Skawennati’s Cyberpunk Future Has Arrived
OTTAWA — I first encountered multidisciplinary artist Skawennati in person at her December 2019 talk at the former McLuhan Centre for Communication and Technology in Toronto. I recall that the artist wore Barbie-doll pink; I later learned that she is a Barbie fan.
At the talk, Skawennati introduced herself as both an urban Kanien’kehá:ka (Mohawk) woman and a cyberpunk avatar. She discussed her longtime practice of costuming avatars as a means of realizing Indigenous peoples’ self-determination in the Aboriginal Territories in Cyberspace (AbTeC) — a thriving, futuristic island she maintains in the virtual world, Second Life. Later, she shared work-in-progress documentation for the project Calico & Camouflage (2020–22), a fashion line of Turtle Island “resistant wear” — her interpretation of traditional ribbon shirts and combat pants as Kanien’kehá:ka protest gear — for both avatars and IRL models.

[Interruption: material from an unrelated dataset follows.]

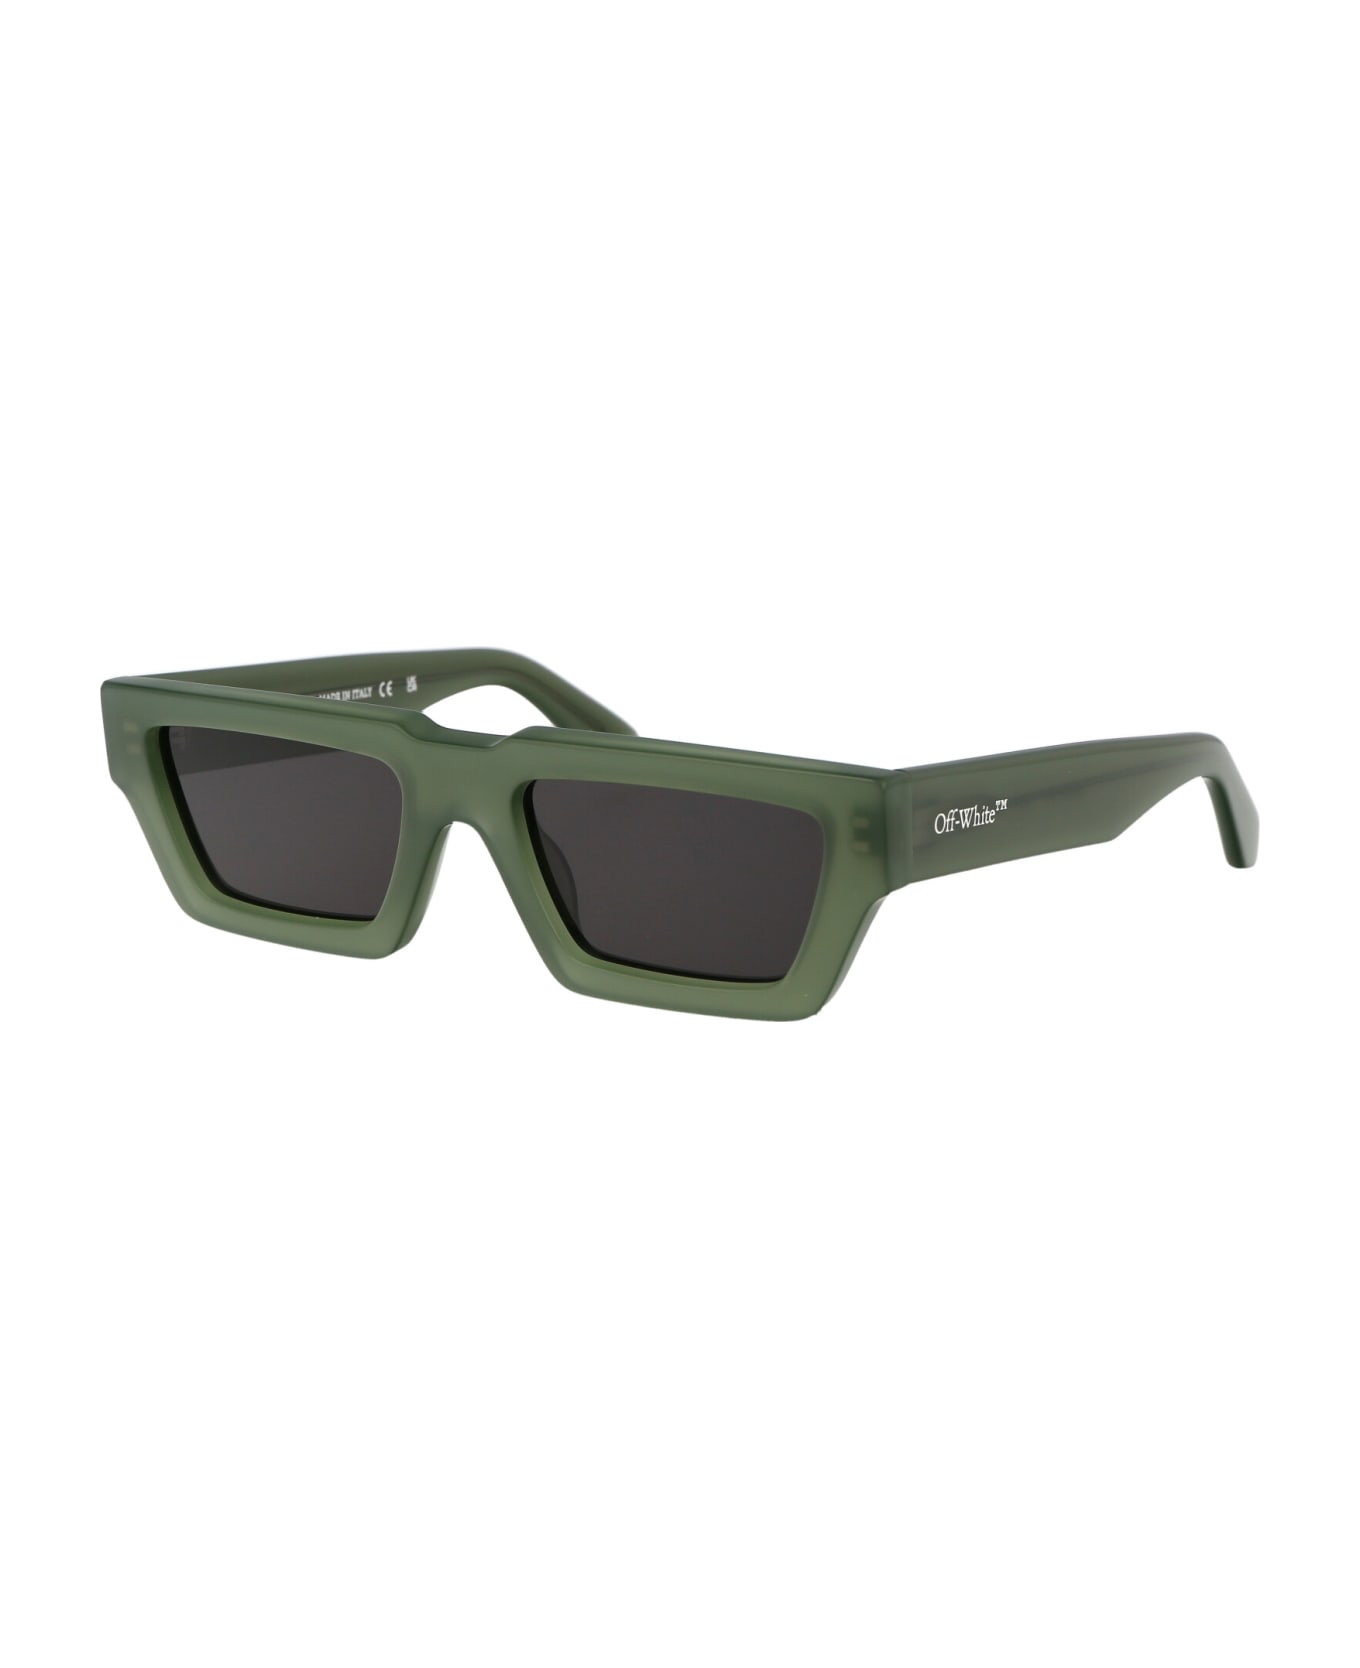 Off-White Manchester Sunglasses - green
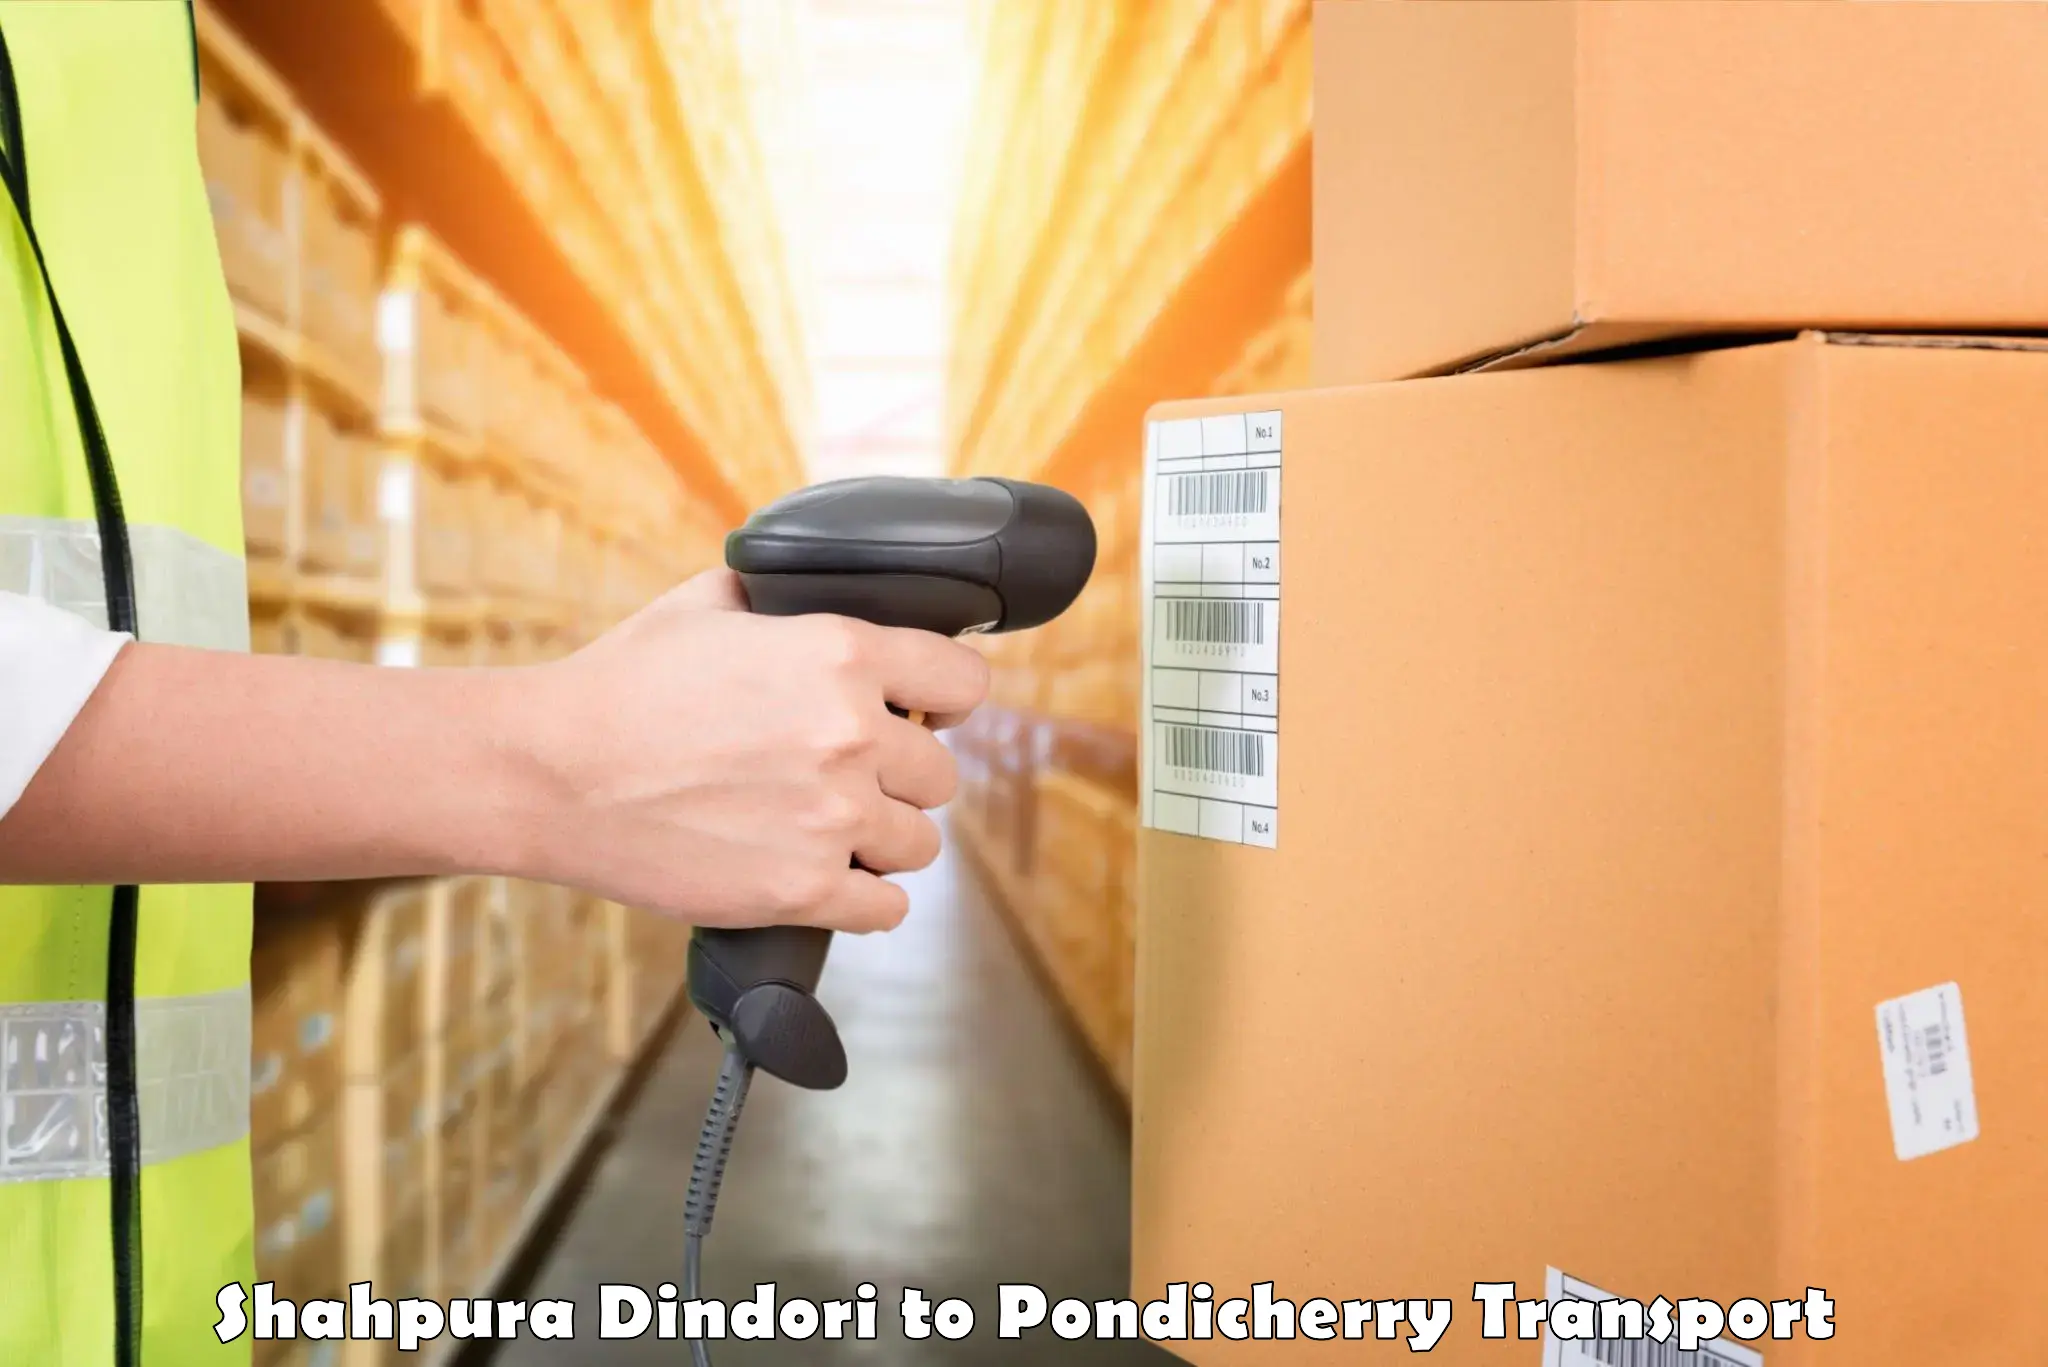 Truck transport companies in India Shahpura Dindori to Pondicherry

At the time, I was taken by Skawennati’s commitment to working within a massive multiplayer virtual world that was, in my view, a ghost town. She was adamant that if the platform were to “sunset,” she would stop making her avatars: “In the end, I know it’s not mine,” she shared with me in a 2020 interview for an Art in America profile. The Montreal-based artist utilizes these characters, as well as settings and backdrops she has built and designed in AbTeC, for her machinimas and machinimagraphs — films and photography produced within virtual worlds. “That’s why I take lots of pictures, lots of documentation. As long as you know you’re not actually in control, you have a lot of control.”
Yet, as her current National Gallery of Canada (NGC) mid-career survey Skawennati: Welcome to the Dreamhouse proves, the trajectory of the past 25 years of her work lies not only in these machinimas and machinimagraphs, but also in her burgeoning work with fashion. The Calico & Camouflage collection was part of a turn in her understanding of the virtual as increasingly hybrid performative experiences involving garment-based sculptures and textiles. Within the NGC exhibition catalog, contributors Cheryl Sim and Mojean Sarah Behzadi make the case for how formative Skawennati’s engagement with fashion has been to her work overall. As exhibition curator Wahsontiio Cross, of the NGC, writes in the accompanying catalog, her creation of fashion and textiles has resulted in the artist finally “bring[ing] her idea of the future into the present.”
The exhibition design for Welcome to the Dreamhouse, in which each room is perfectly structured for its intended purpose, is reminiscent of the Barbie Dreamhouse, aligning Skawennati’s multidisciplinary works with open-ended play. However, the artist clarified in conversation with Hyperallergic that she and Cross were drawn toward the “dreamhouse” concept for its aspirational potential. “A dreamhouse feels attainable. It might take work, but people think they can achieve it. I wanted to say with this show, this concept, this title, that a peaceful and just future is attainable.”
Among the longstanding themes that carry through the show, a core motif is Indigenous futurism, wherein the pain of the colonial past is worked through a “future imaginary.” The term, coined by Skawennati and her partner and frequent collaborator, Jason Edward Lewis, reclaims historical narratives and centers Indigenous peoples in “exploring new cultural configurations that will enable us not just to survive, but thrive.”
Across different galleries, visitors encounter new and old characters from the artist’s moving and still image works. Many involve Indigenous sci-fi retellings of Hotinonshón:ni cosmology and histories, ranging from the creation story told in “She Falls For Ages” (2017) to the ancestral narrative of the Iroquois confederation, updated to the year 3025, in “The Peacemaker Returns” (2017).
The NGC exhibition focuses on the artist’s recent forays into hybrid performative experiences with distinct components: machinimas or machinimagraphs featuring customized avatars that are transposed into live fashion shows and, eventually, installations that bring the machinimas and fashion together. “I do not have a prescribed pipeline,” Skawennati noted by email. “It just so happened that after making the outfits, I wanted to see their physical versions.” A highlight of this recent work is “Three Sisters,” which personifies the traditional Iroquois companion planting of corn, squash, and beans together. Imagined as Marvel-esque superheroes who moonlight as a Destiny’s Child-like girl group, the project is a good example of Skawennati’s recent garment-based sculptures, represented in this show with physical clothing displayed on mannequins.